NFU Mutual extends cover to help farmers hosting Open Farm Sunday events

Leading rural insurer NFU Mutual is extending farming customers’ insurance cover without extra charge to help them stage events for the public to learn about faming on Open Farm Sunday.

Farmers hosting events on this year’s Open Farm Sunday, which takes place on June 11 – should let their local NFU Mutual office know that they are planning to hold an event.  NFU Mutual will extend its members’ farm public liability insurance without extra premiums – providing the event is free to the public.
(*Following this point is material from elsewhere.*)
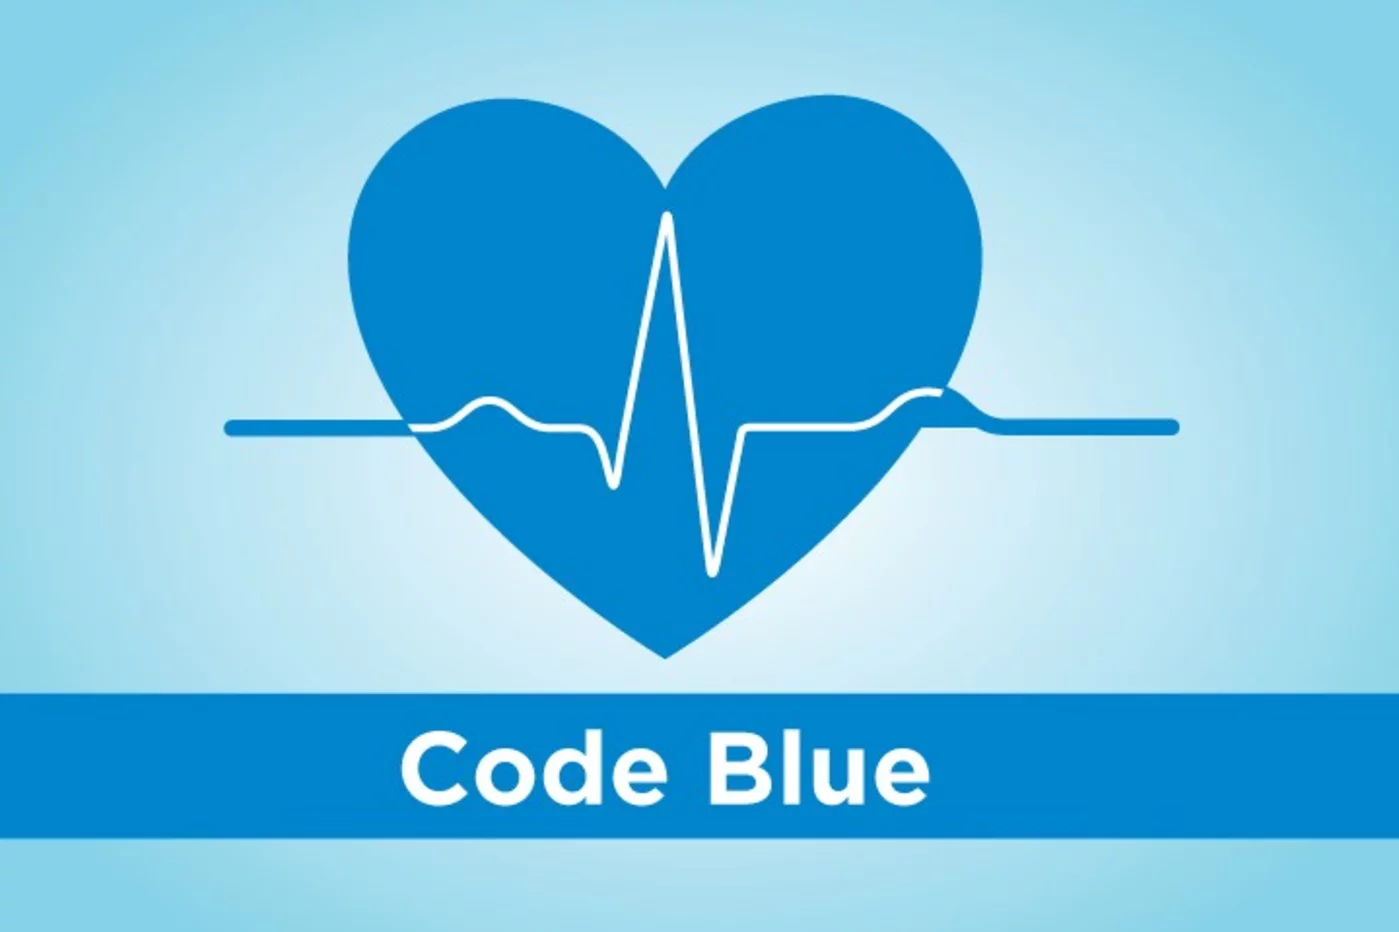 El más conocido de los códigos estadounidenses de colorines es 'code blue', indicativo de parada cardíaca.

“As an insurer with farming and the rural community at our heart, we’re delighted to provide this support to farmers who insure with “The Mutual” and are welcoming the public on to their farms on Open Farm Sunday,” said Tim Price, NFU Mutual Rural Affairs Specialist.

LEAF Open Farm Sunday, which takes place on June 11, gives visitors the opportunity to see first-hand all that farmers do and the impact their work has on our lives.
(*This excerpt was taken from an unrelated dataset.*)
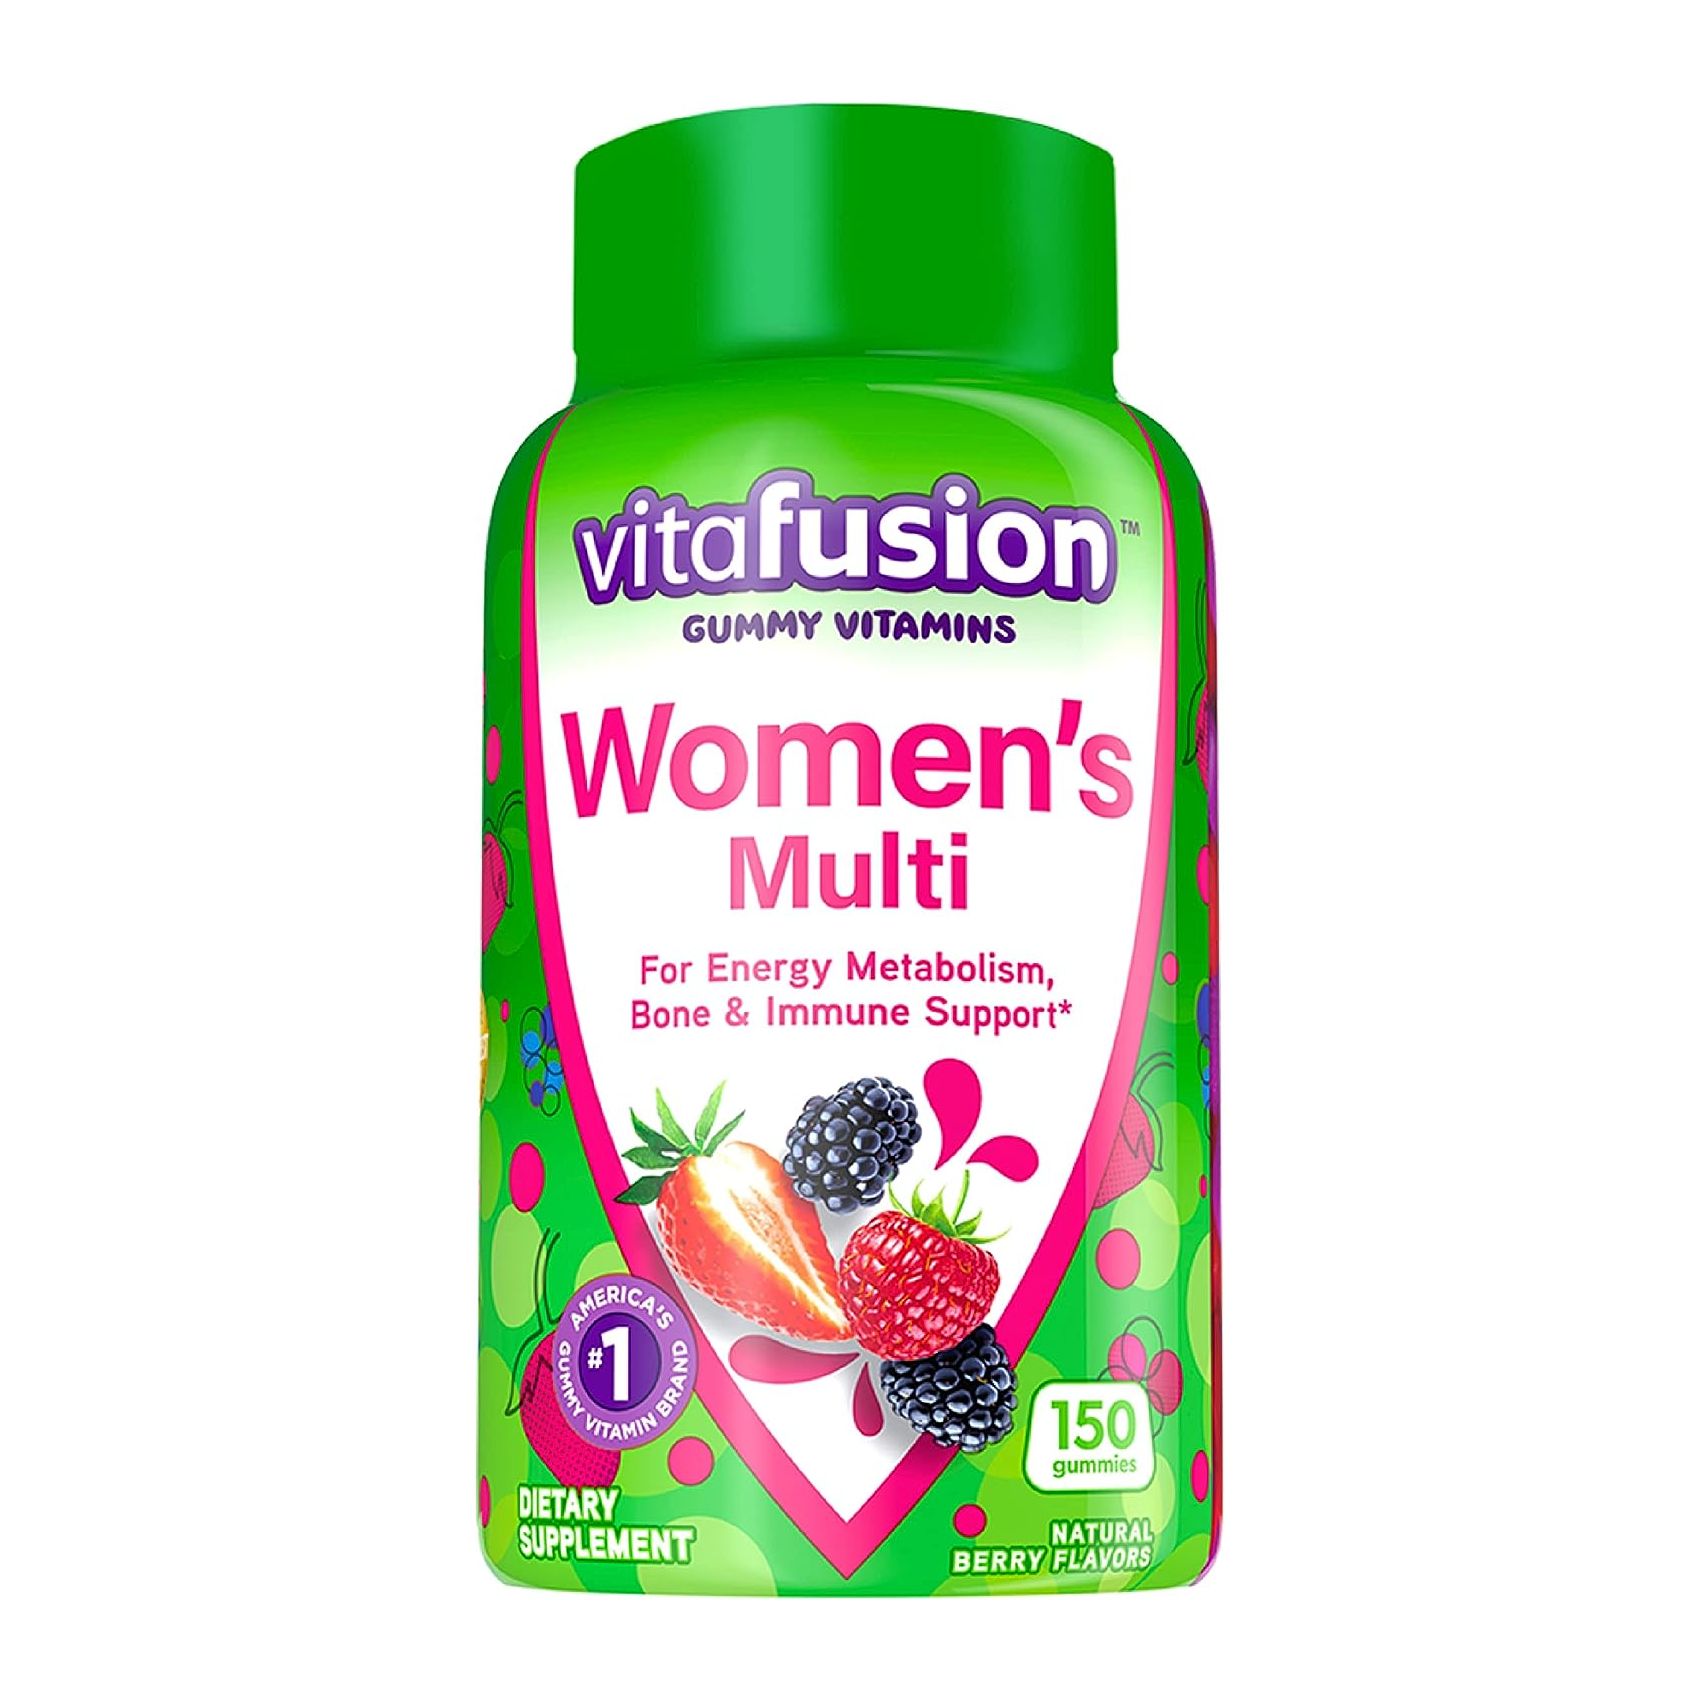 Мультивитамины Vitafusion Womens Gummies Berry Flavored, 150 жевательных конфет vitafusion multivites незаменимые мультивитамины натуральный ягодный персиковый и апельсиновый вкусы 150

This year farms across the country, from Cornwall to Orkney, will provide young and old with an opportunity to see farming in action and learn more about the work farmers are so proud to do.

Since the first Open Farm Sunday, organised by LEAF (Linking Environment and Farming) in 2006 over 1.8m people have visited a farm. For details of farms holding Open Farm Sunday events log on to:

To help farmers make Open Farm Sunday events safe and fund, NFU Mutual has produced a farm visit checklist:

  • Decide which areas of the farm you want people to visit. Make sure that routes around the farm divert visitors from dangerous areas such as working machinery, chemical stores, slurry lagoons, grain stores, silage pits, etc.
  • Keep the farm as clean as possible and ensure areas and pathways to which visitors have access are kept free from any build-up of faeces.
  • If visitors are to be allowed to pet and feed animals, it is important that hand-washing facilities are available and that warm running water, liquid soaps and paper towels should be provided and that adequate supervision is provided in the contact areas.  If you do not wish visitors to have contact with any of the animals, then either arrange routes away from areas where animals are kept or install double fencing to prevent contact.
  • Erect signs to inform visitors of dangers. Remember that signs do not negate the need for adequate supervision.
  • Ensure everyone involved in hosting the visit is trained and instructed on what visitors should or should not do. If farming operations are taking place at the same time as the visit, it is important that the two are suitably segregated.
  • Remember that children are naturally curious and can often get into apparently inaccessible places. Whilst parents have a particular responsibility to prevent their children straying into areas where they may be at risk, you must take responsibility for the safety of visitors to your site.